*** Given information ***

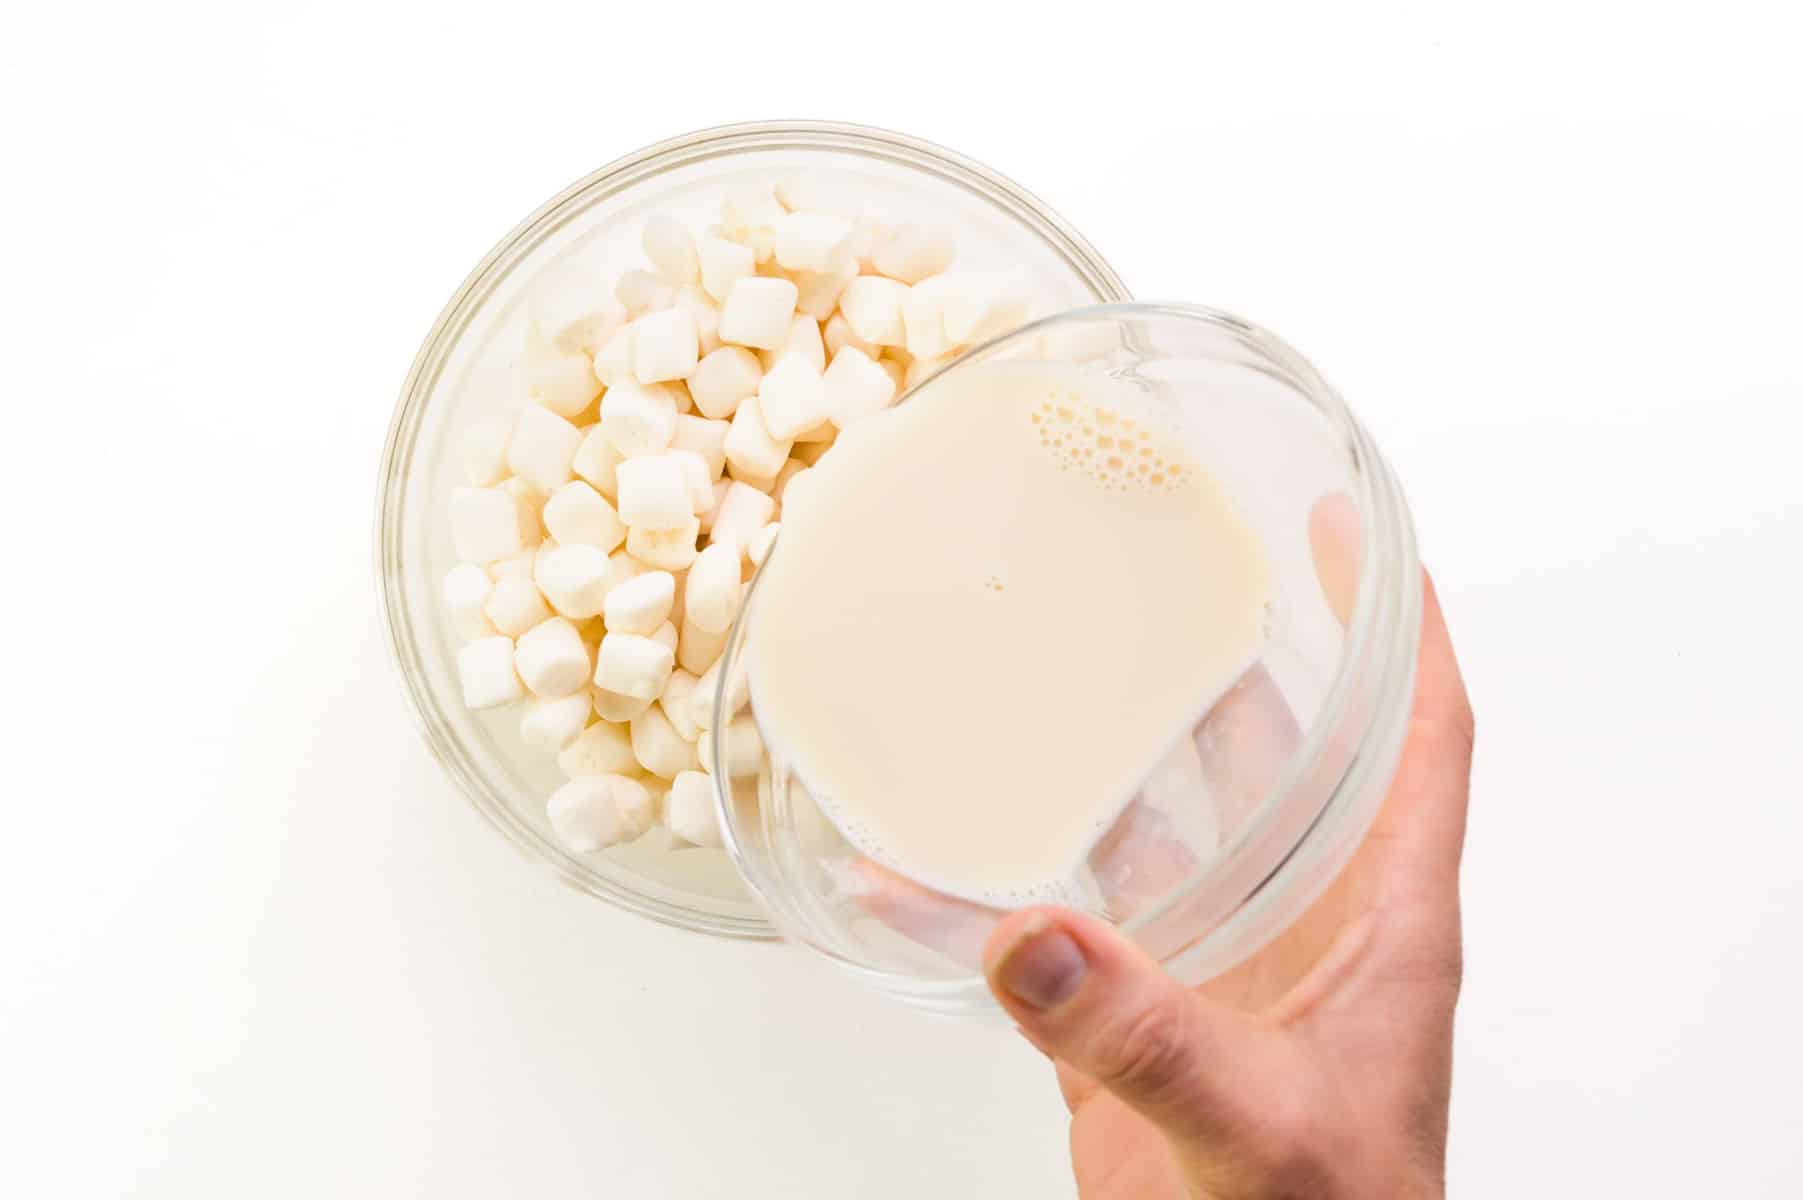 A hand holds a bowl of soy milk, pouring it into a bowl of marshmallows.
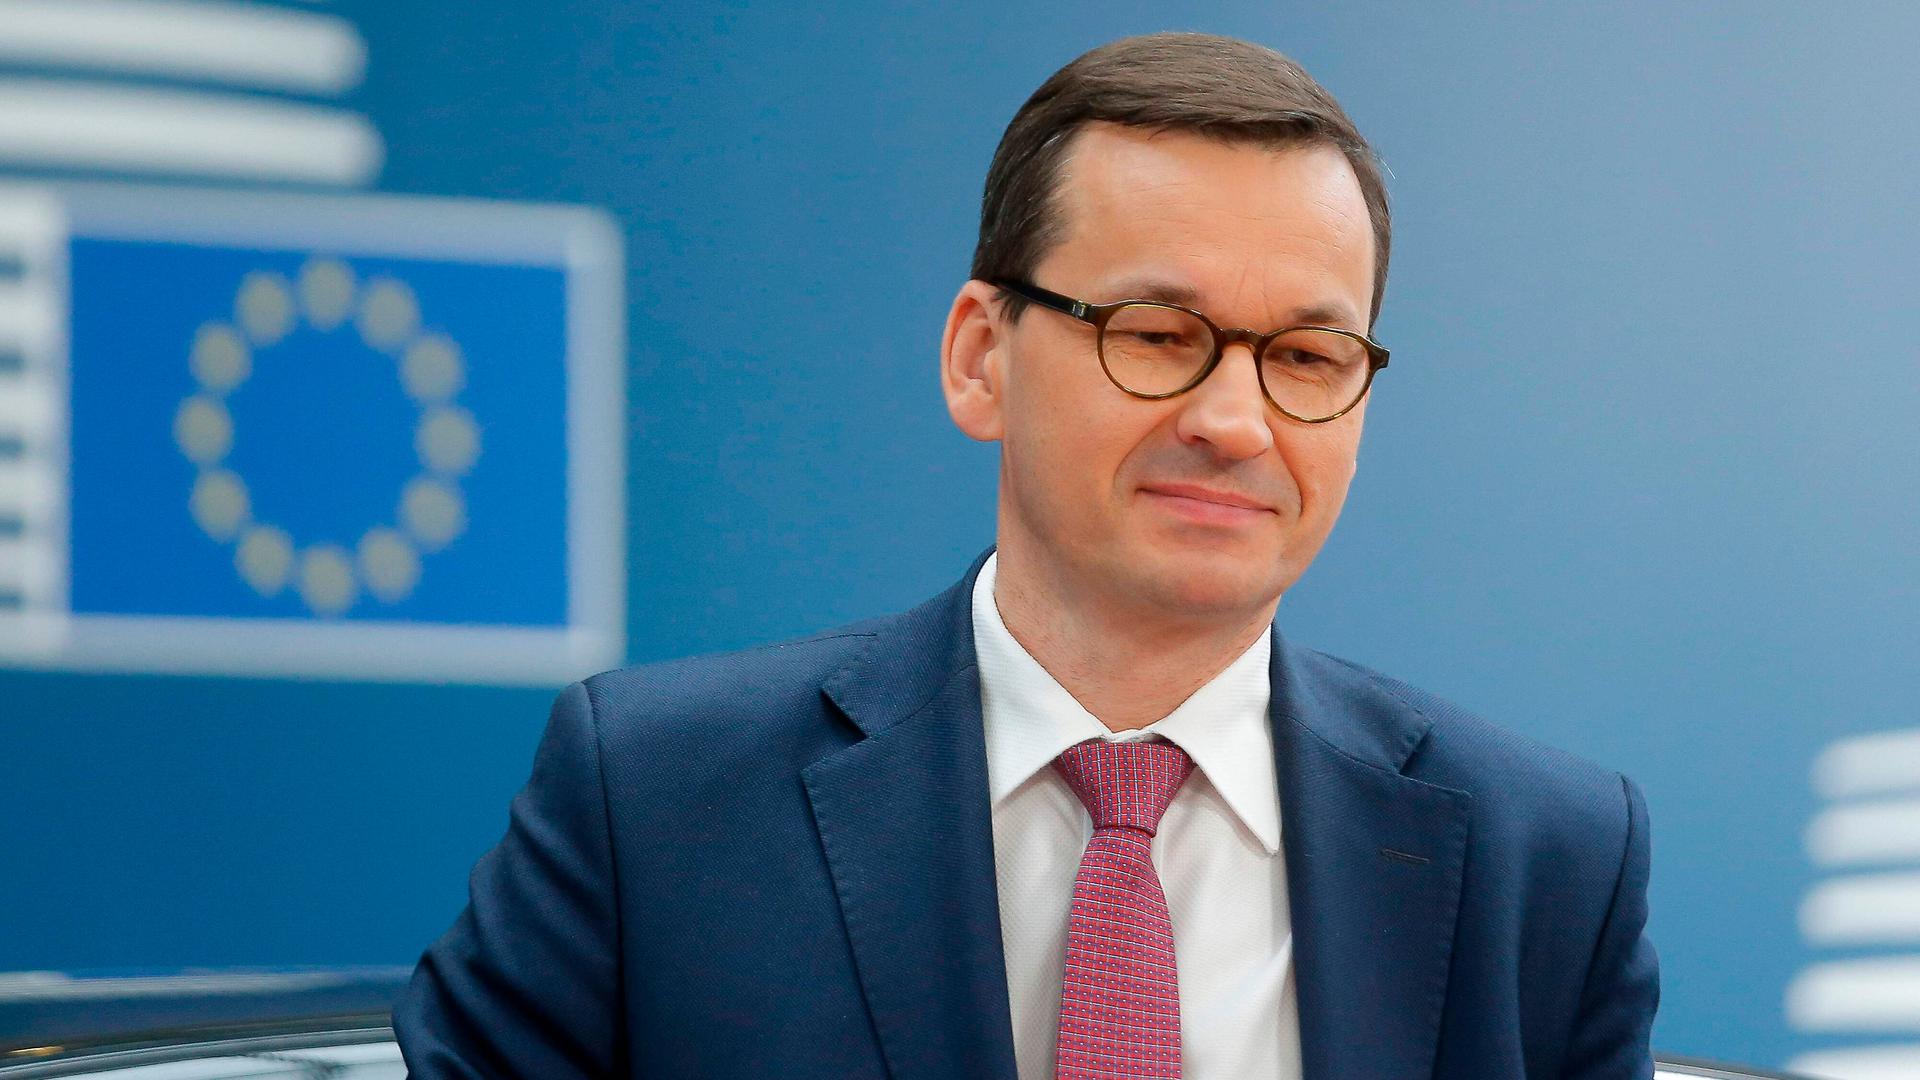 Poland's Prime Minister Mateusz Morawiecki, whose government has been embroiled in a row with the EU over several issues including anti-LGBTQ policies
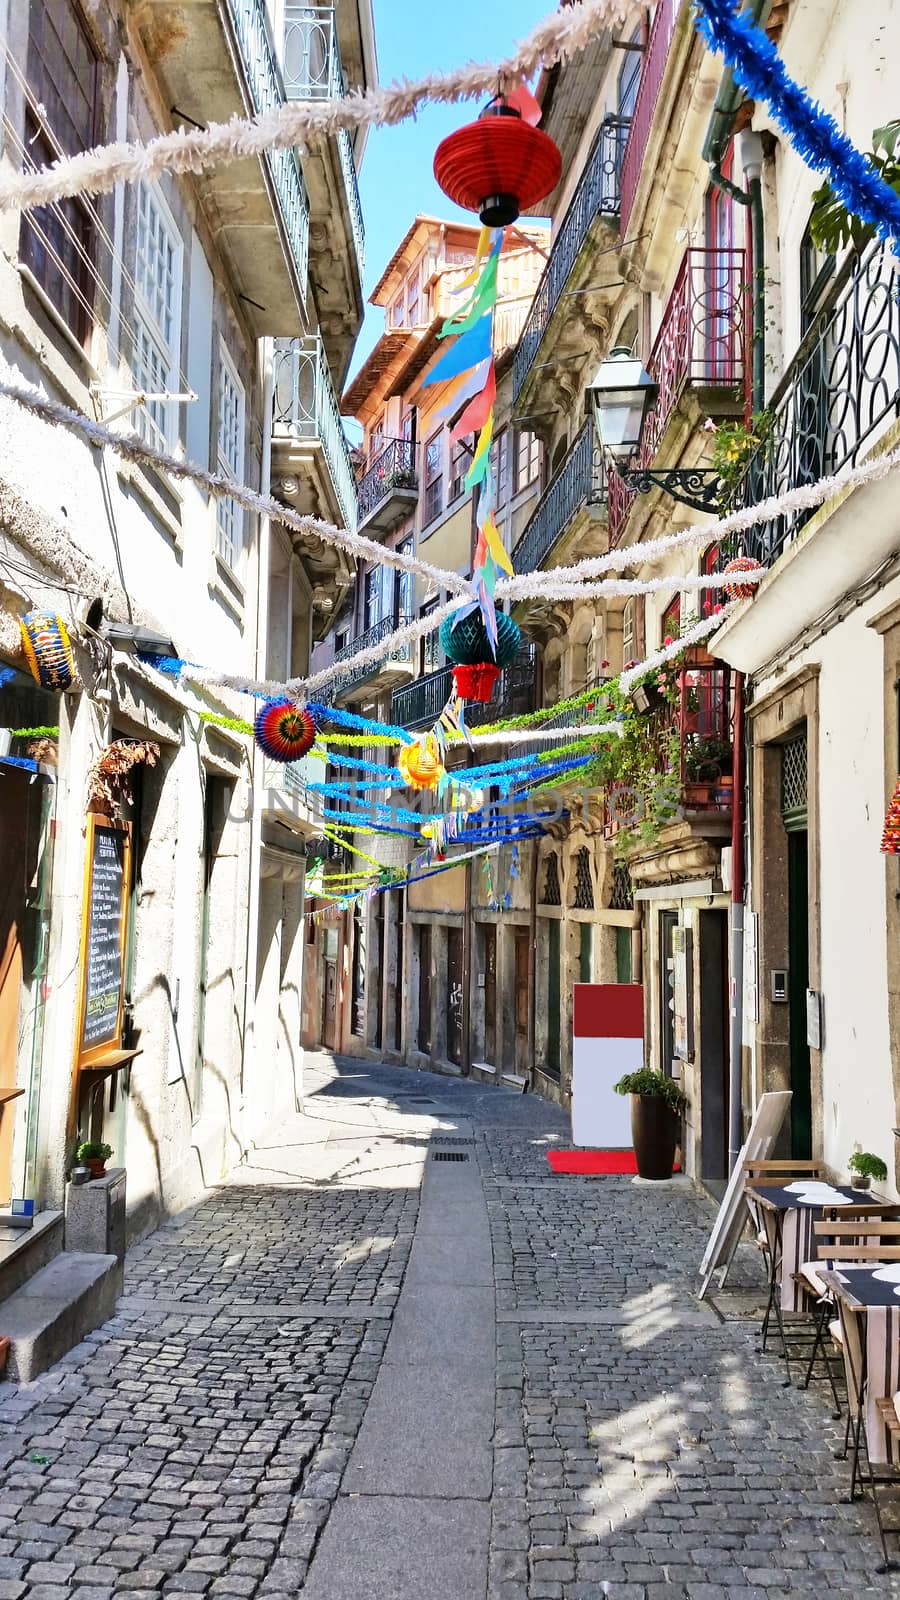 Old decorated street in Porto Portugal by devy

*** End of Given information ***

Output each line of the listing above, word for word, from the one holding "Poland's Prime Minister" through the last line, both included; omit the pictures.

◆ Answer below
 Poland's Prime Minister Mateusz Morawiecki, whose government has been embroiled in a row with the EU over several issues including anti-LGBTQ policies
 Old decorated street in Porto Portugal by devy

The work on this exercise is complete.